Note that some network protocols, e.g. HTTP and RTSP, support content-negotiation, which may be an alternative to using the "switch" element in some cases.


The switch element can have the following attributes:

An XML identifier
This attribute offers advisory information about the element for which it is set. Values of the title attribute may be rendered by user agents in a variety of ways. For instance, visual browsers frequently display the title as a "tool tip" (a short message that appears when the pointing device pauses over an object).

4.2.2 Predefined Test Attributes

This specification defines a list of test attributes that can be added to language elements, as allowed by the language designer. In SMIL 1.0, these elements are synchronization and media elements. Conceptually, these attributes represent Boolean tests. When one of the test attributes specified for an element evaluates to "false", the element carrying this attribute is ignored.

Within the list below, the concept of "user preference" may show up. User preferences are usually set by the playback engine using a preferences dialog box, but this specification does not place any restrictions on how such preferences are communicated from the user to the SMIL player.

This version of SMIL defines the following test attributes. Note that some hyphenated test attribute names from SMIL 1.0 have been deprecated in favor of names using the current SMIL camelCase convention. For these, the deprecated SMIL 1.0 name is shown in parentheses after the preferred name.

systemBitrate (system-bitrate)
This attribute specifies the approximate bandwidth, in bits-per-second, available to the system. The measurement of bandwidth is application specific, meaning that applications may use sophisticated measurement of end-to-end connectivity, or a simple static setting controlled by the user. In the latter case, this could for instance be used to make a choice based on the users connection to the network. Typical values for modem users would be 14400, 28800, 56000 bit/s etc. Evaluates to "true" if the available system bitrate is equal to or greater than the given value. Evaluates to "false" if the available system bitrate is less than the given value.
The attribute can assume any integer value greater than 0. If the value exceeds an implementation-defined maximum bandwidth value, the attribute always evaluates to "false".
systemCaptions (system-captions)
This attribute allows authors to distinguish between a redundant text equivalent of the audio portion of the presentation (intended for audiences such as those with hearing disabilities or those learning to read who want or need this information) and text intended for a wide audience. The attribute can has the value "on" if the user has indicated a desire to see closed-captioning information, and it has the value "off" if the user has indicated that they don't wish to see such information. Evaluates to "true" if the value is "on", and evaluates to "false" if the value is "off".
systemLanguage (system-language)
The attribute value is a comma-separated list of language names as defined in [RFC1766].
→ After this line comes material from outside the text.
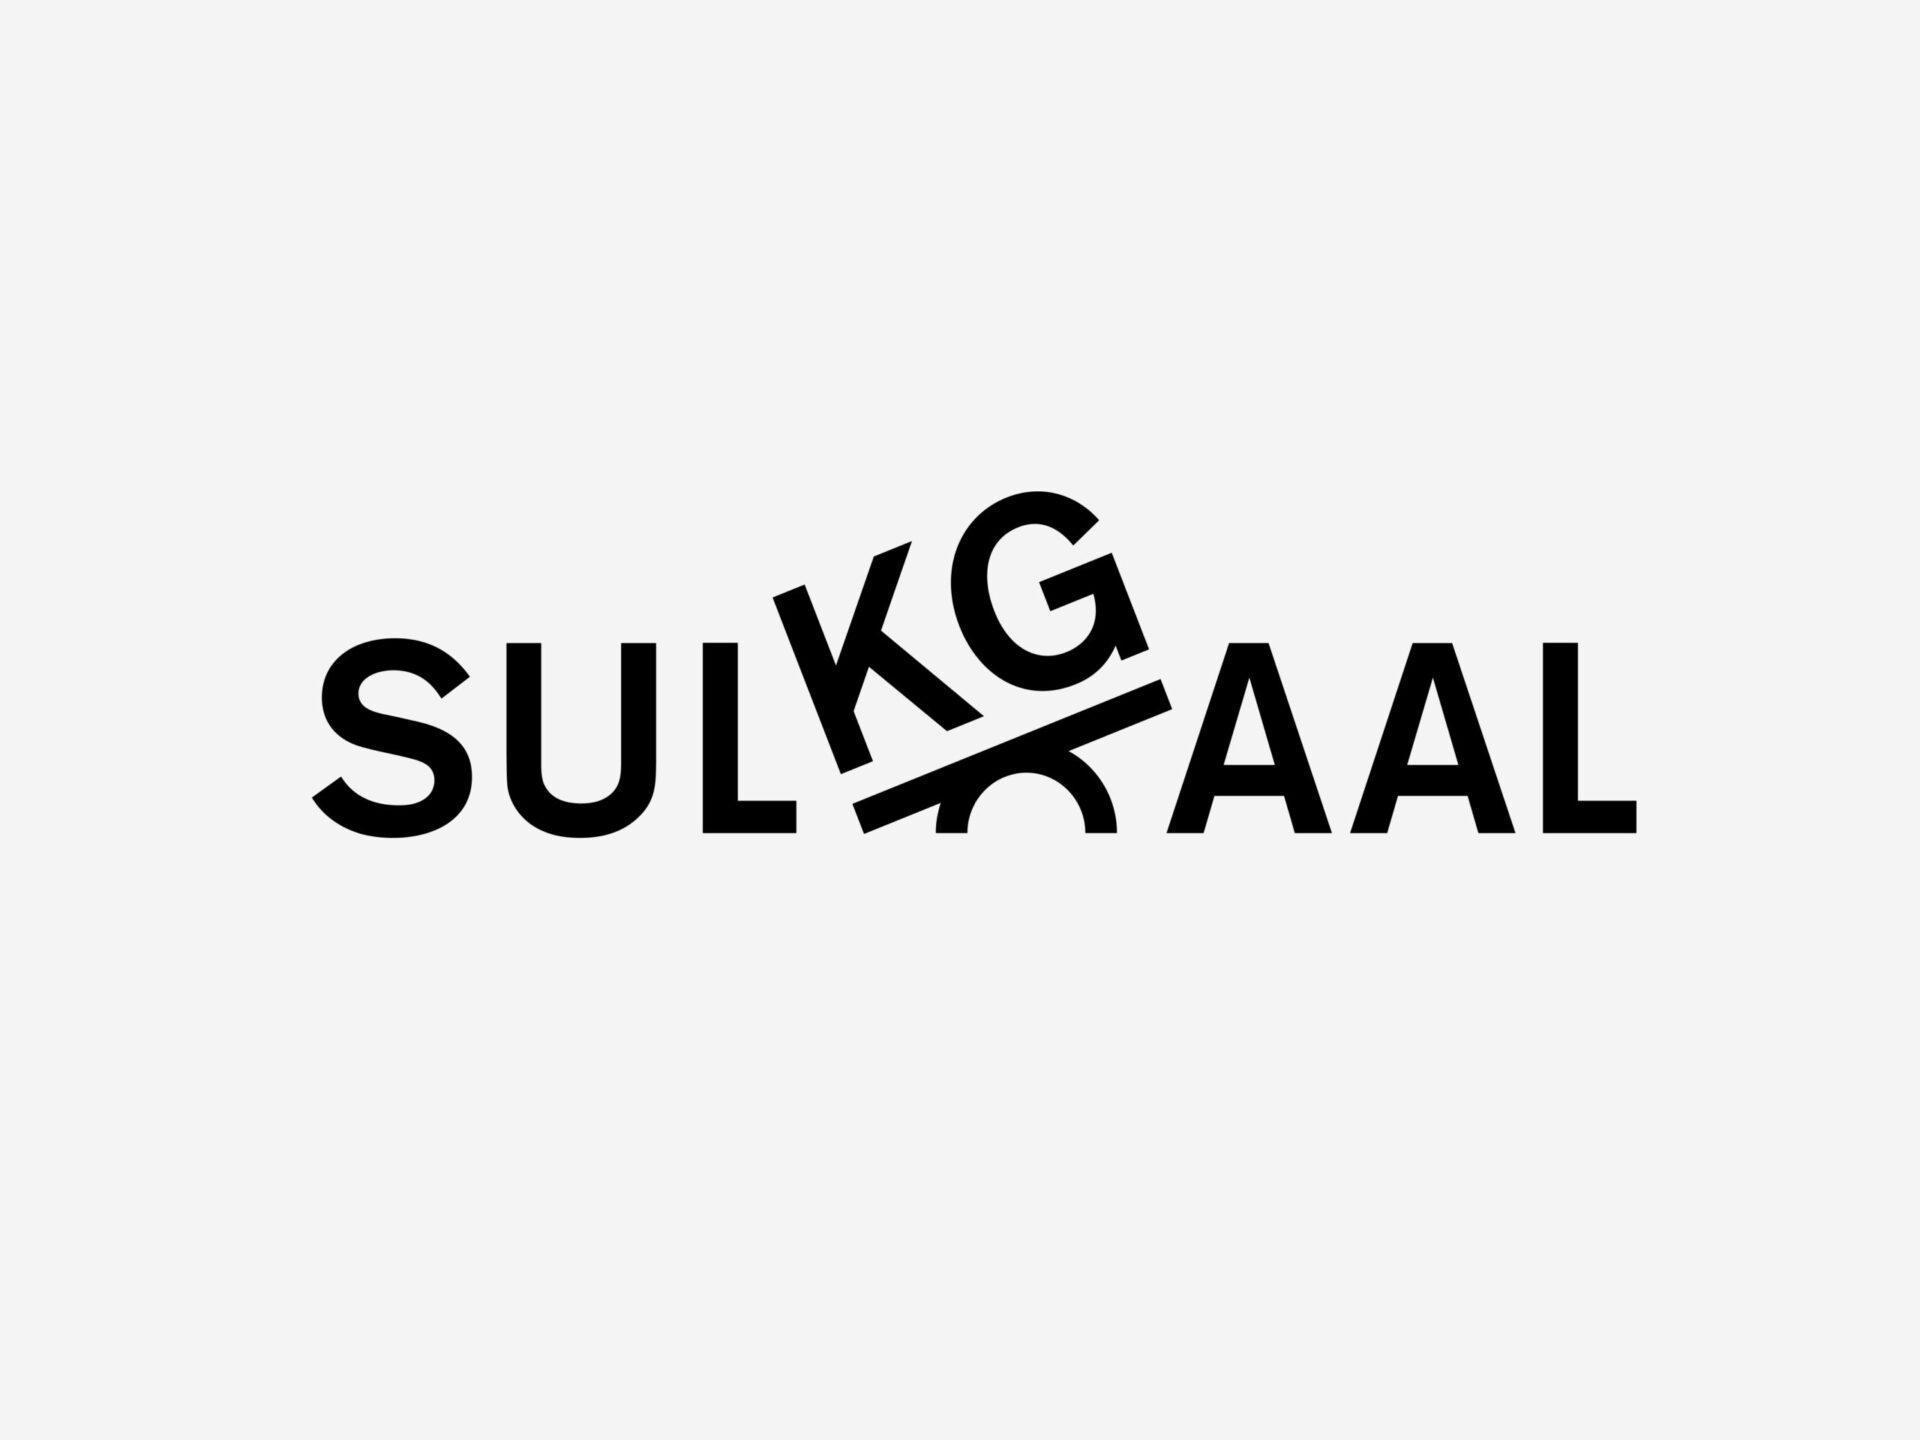 1_Sulgkaal_logo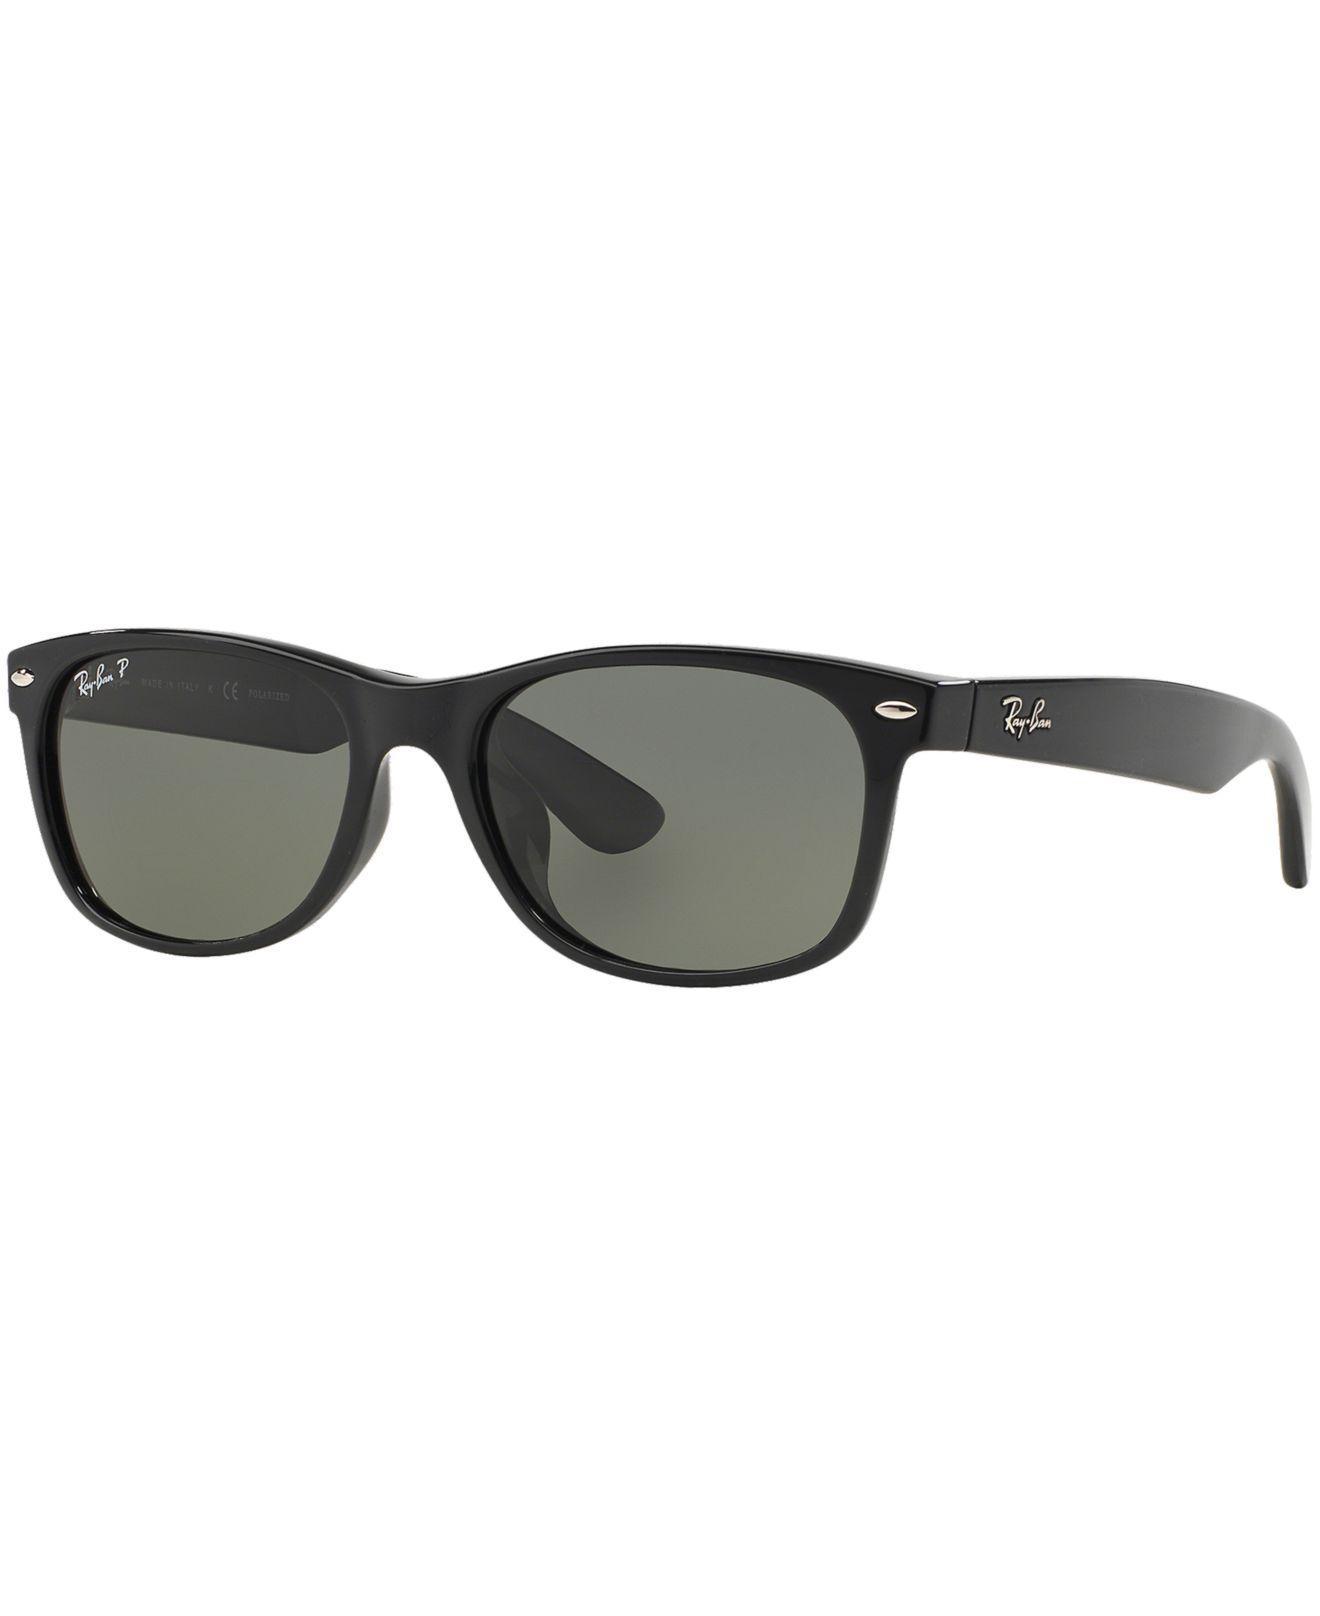 34fe0167e4 Ray-Ban. Men s Black Polarized Sunglasses

Evaluates to "true" if one of the languages indicated by user preferences exactly equals one of the languages given in the value of this parameter, or if one of the languages indicated by user preferences exactly equals a prefix of one of the languages given in the value of this parameter such that the first tag character following the prefix is "-".

Evaluates to "false" otherwise.

Note: This use of a prefix matching rule does not imply that language tags are assigned to languages in such a way that it is always true that if a user understands a language with a certain tag, then this user will also understand all languages with tags for which this tag is a prefix.

The prefix rule simply allows the use of prefix tags if this is the case.

Implementation note: When making the choice of linguistic preference available to the user, implementers should take into account the fact that users are not familiar with the details of language matching as described above, and should provide appropriate guidance. As an example, users may assume that on selecting "en-gb", they will be served any kind of English document if British English is not available. The user interface for setting user preferences should guide the user to add "en" to get the best matching behavior.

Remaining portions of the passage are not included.